# Dog Proof Website



## shoningram (Dec 6, 2015)

Hey guys if you are a fan of dog proof traps like I am, check out this site.

dogprooftrapper.com

Sent from my iPhone using Tapatalk


----------



## Jonbnks (Jan 21, 2012)

I have been using dogproof traps for the first time this year. They are easy to use, but I have noticed that they can mess up the wrist of anything they catch, usually messing up the skin on the wrist. When its very cold, the arm and skin has been freezing to the traps. Does anyone have any suggestions as to what I can do to limit damage?


----------



## shoningram (Dec 6, 2015)

Jon unfortunately there is not a lot you can do to a DP. The raccoons furs I skin are cut off just below the hold site so it doesn't matter. What else are you catching and what bait are you using?

Sent from my iPhone using Tapatalk


----------



## Jonbnks (Jan 21, 2012)

I started trapping season really late this year, and I only have a half dozen dog proof traps currently set out for raccoons. Fur prices aren't very good this year, so this is more for nuisance trapping and education purposes. First time that my 17 year old cousin has been able to go trapping with me. Pretty sure he enjoys us checking trap now as much as hunting. So far I have caught 13 opossums, 5 raccoons and a skunk.
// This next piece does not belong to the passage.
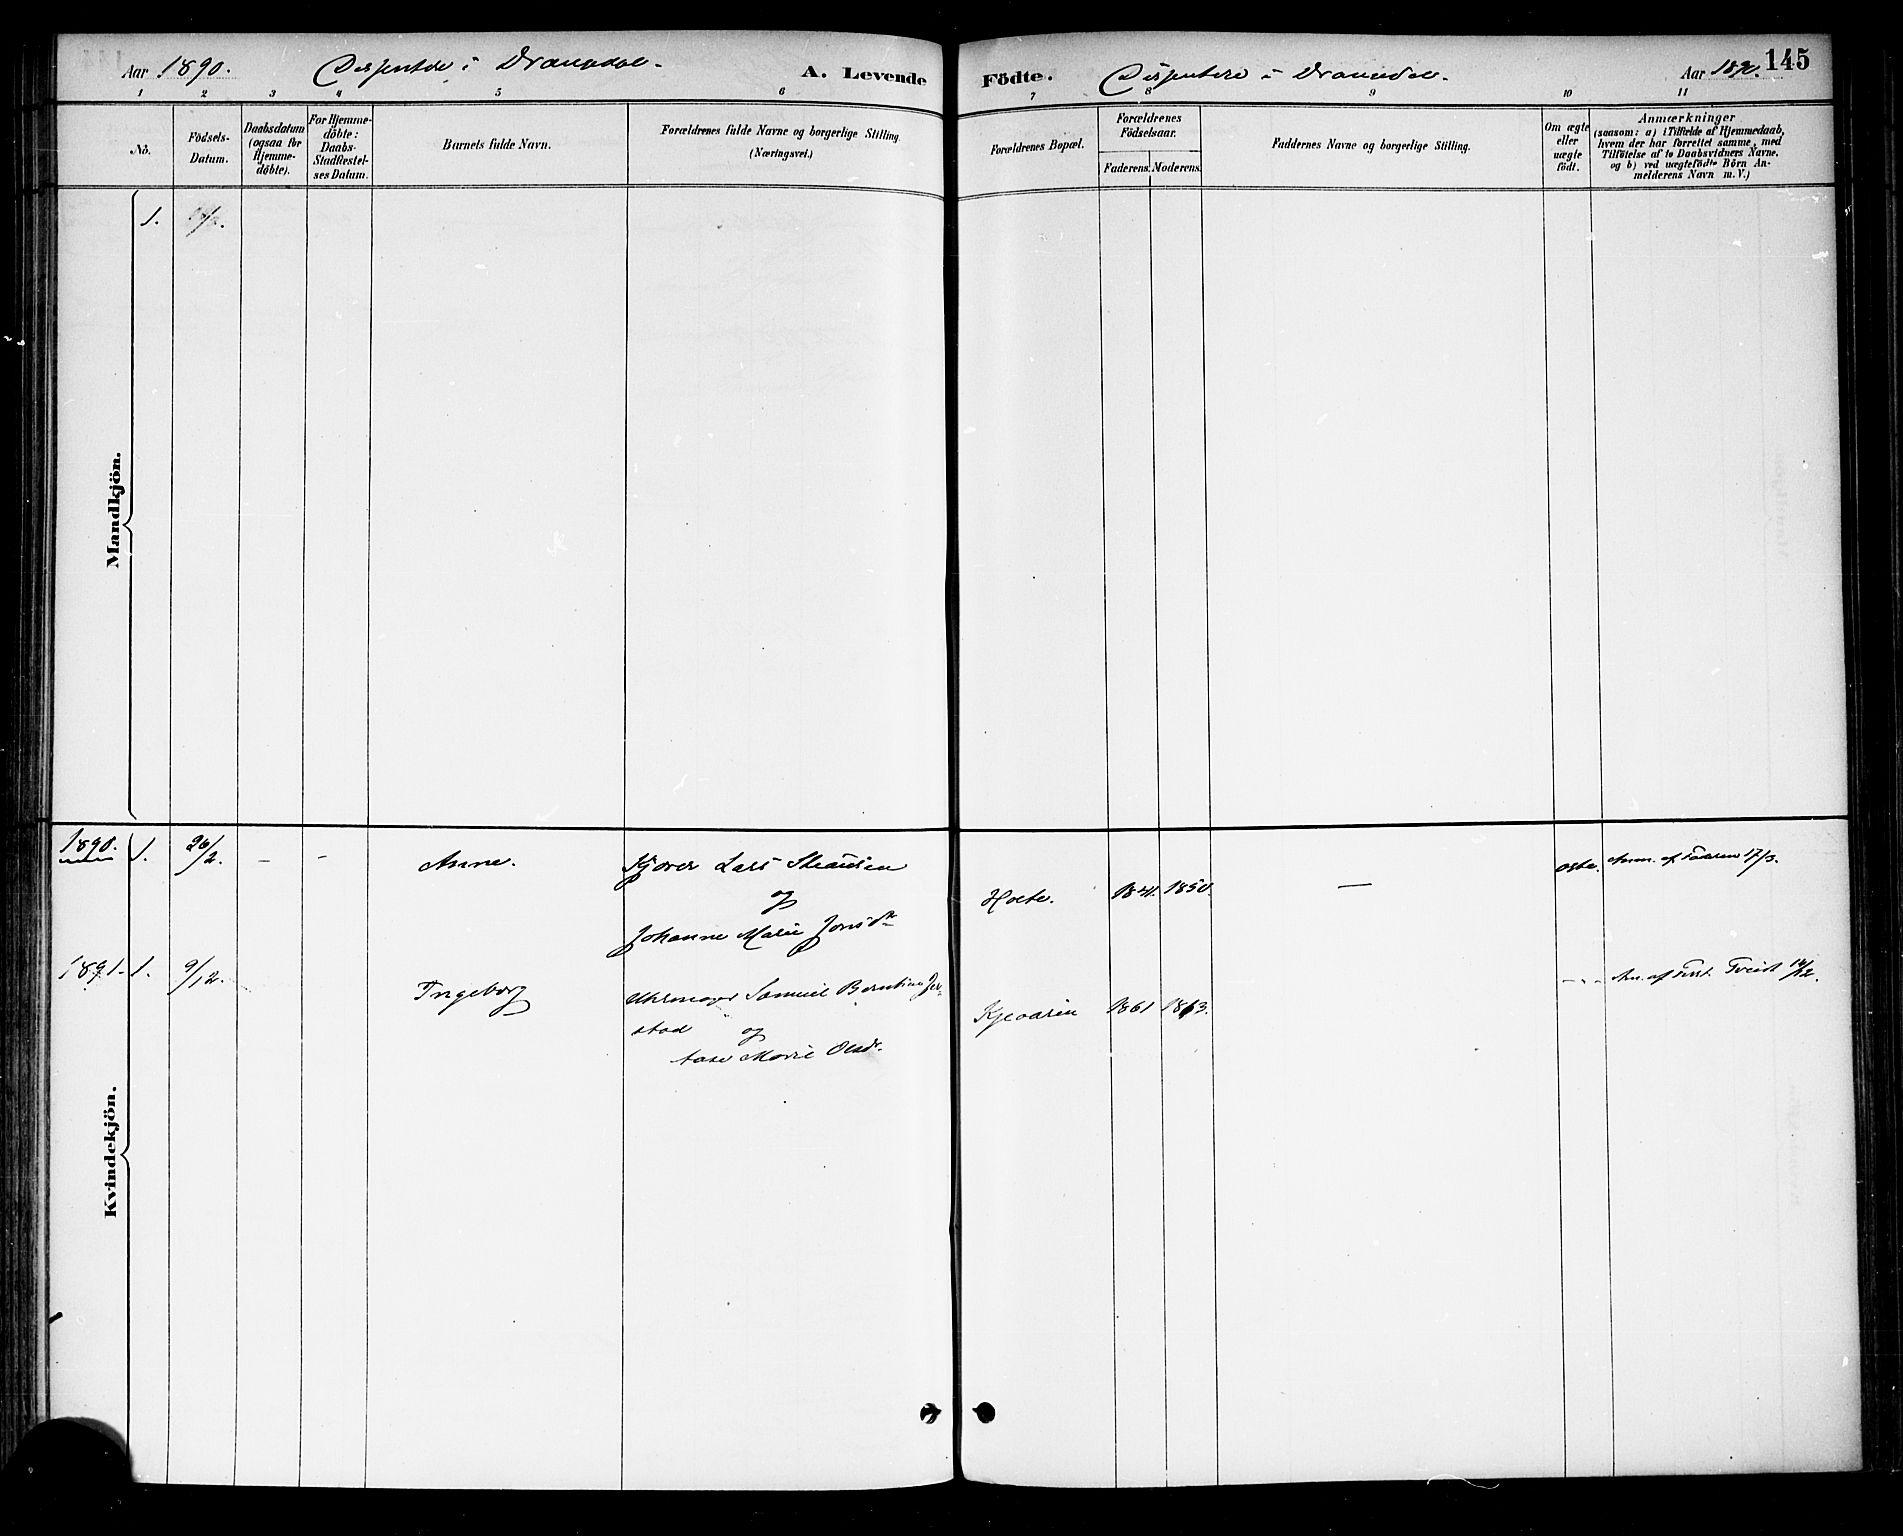 SAKO, Drangedal kirkebøker, F/Fa/L0010: Ministerialbok nr. 10 /1, 1885-1894, s. 145

I'm using a mix of dry cat food and marshmellows. I also put Caven's Moonshine Lure or fish oil around the traps as an attractant.

I usually have the dog proofs attached with wire cable to trees and all my traps have double swivels. I tried using one trap with a 14" rebar stake, but the raccoon managed to pull it out of the ground somehow.

I understand that the damage doesn't really matter if I'm selling all the fur because of how the pelts are stretched, but I was just hoping there was a way to make it easier to remove the trapped animals when it's freezing cold instead of it being stuck to the traps.

I have 3 conibears setup for beavers and have caught 3 beavers so far. I've also caught 4 muskrats in the conibear beaver sets. I have a 19 pound, 46 pound and 55 pound beaver. Will post pictures of the beavers later. Currently I'm having to chip through 1-3" of ice to check my beaver traps.

Ground has been frozen solid around here for a couple weeks, so I haven't had a chance to get coyote traps out yet. I noticed yesterday, in the snow. that every single one of my traps had coyotes tracks visiting them. Hopefully with the warmer weather we are supposed to have this week, the animals will start moving around again.


----------



## Jonbnks (Jan 21, 2012)

Lost a big raccoon tonight. He was stuck in a dog proof trap but he was tangled up in a small pine tree. As I pulled up on the 4 wheeler, he jerked free of the trap and took off. All that was left in the trap was the front paw. Looks like the trap broke his leg and he was able to get free. Looks like these dog proofs have a spring that is too strong.


----------